- The Washington Times - Friday, January 2, 2009

As we neared the end of 2008, the supply-and-demand problem facing the Washington-area real estate market was marginally better than it had been in 2007.

In November, about 8,400 homes were listed for sale with area Realtors. That’s about the same number as November 2003. We had been seeing much higher listings in recent years, so it was good to see listings fall back to 2003 levels.

Sales were much better in 2003, however, so the market could absorb another 8,000 homes without a problem.

Now that homes are taking 3 to 4 months to sell on average, every additional home that is listed just makes our oversupply problem worse.

Fortunately, listings were down for almost all of 2008. Ever since March, sellers added fewer homes to the inventory than in 2007. Realtors posted 136,000 listings during the first 11 months of 2008, compared to 154,000 during the same period in 2007.

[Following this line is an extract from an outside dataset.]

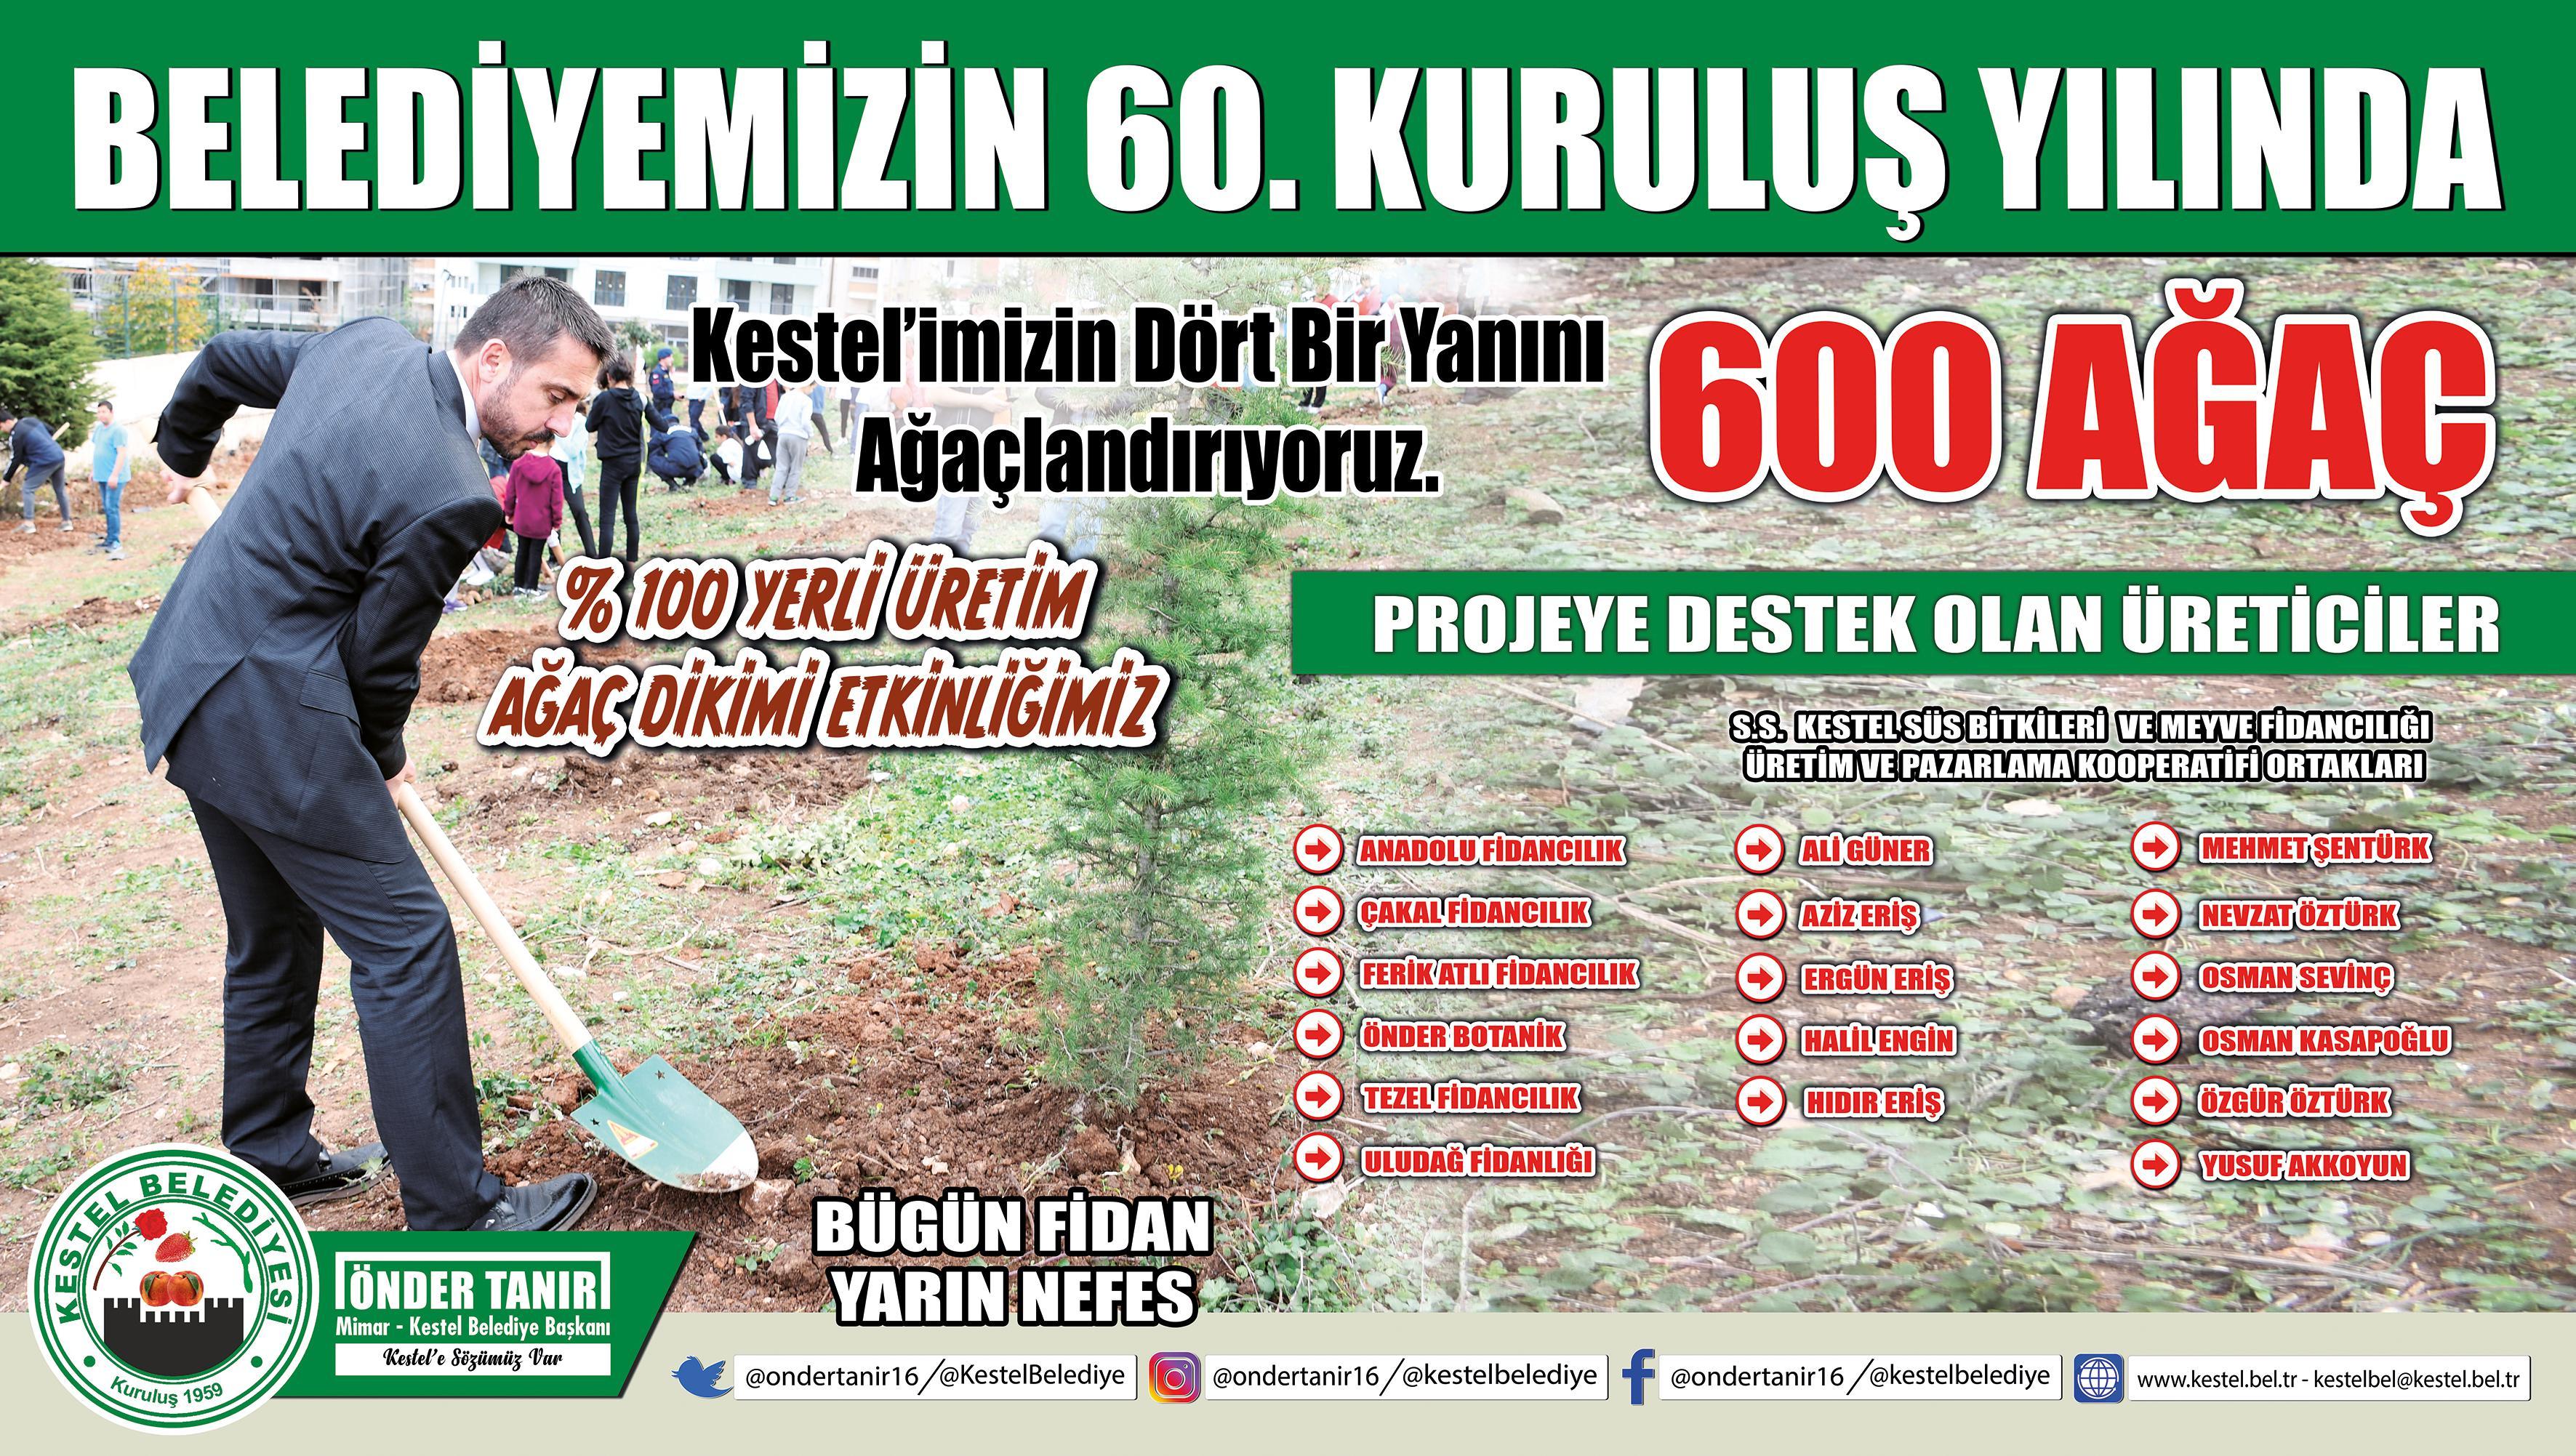 Belediyemizin 60. Kuruluş Yılında 600 AĞAÇ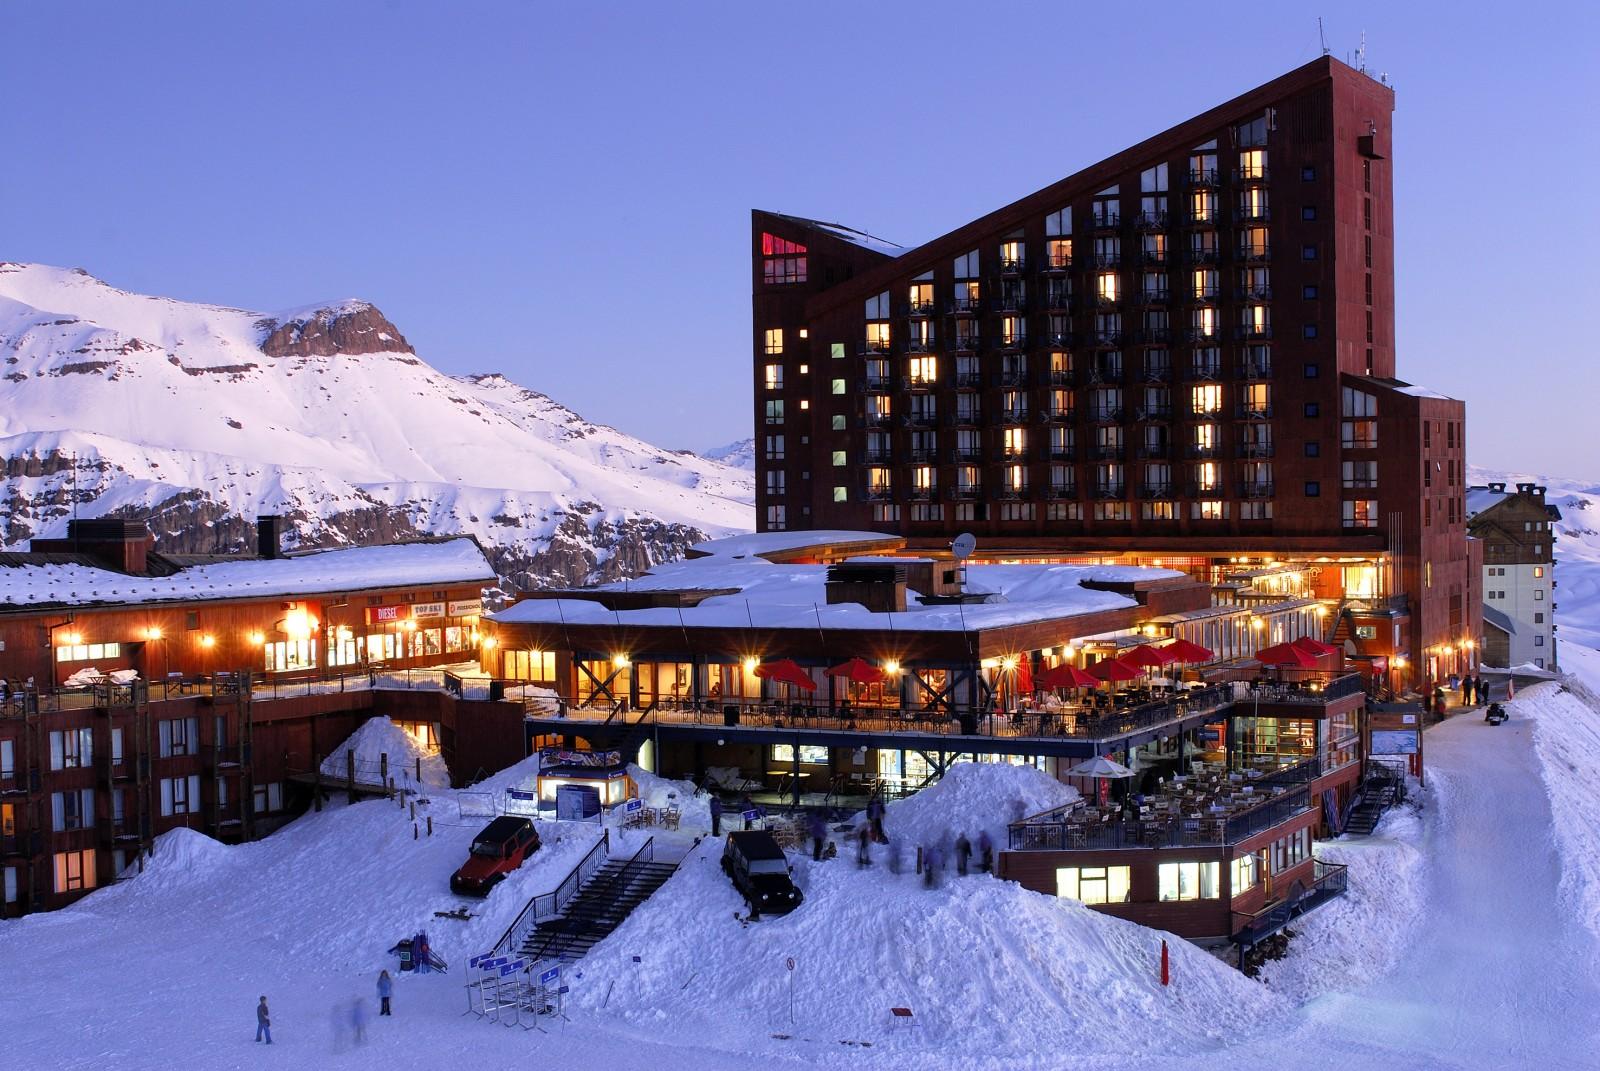 Historia de Valle Nevado

Folks are finally beginning to understand that it’s just not a great time to sell. As a result, fewer are listing their homes for sale, and fewer listings can help with our inventory overload. That will eventually help the market bounce back.

Remember that home listings are not the same as inventory. The inventory is the number of homes on the market on a given day. In other words, it is the volume of competition you face as a seller. If you are a buyer, the inventory represents the number of homes you can look at as you shop around.

The home-listings data in today’s charts refer to the number of homes put up for sale in a given month. In 2007 when sales were terrible, the huge number of listings just pushed inventory higher and higher.

In 2008, sales were higher and listings were lower. As a result, the inventory of unsold homes fell to 43,700 at the end of November, which was 9 percent less than the inventory in November 2007.

That is still a much larger inventory than we had a few years ago. If 2009 is going to be a better real estate market, it will be because sales continue to bounce back, and listings either fall or remain the same.

Contact Chris Sicks by e-mail ([email protected]).

The statistics in this story reflect a metropolitan area that includes the Maryland counties of Montgomery, Prince George’s, Anne Arundel, Howard, Charles and Frederick; the Virginia counties of Arlington, Fairfax, Loudoun, Prince William, Spotsylvania and Stafford; the city of Alexandria; and the District.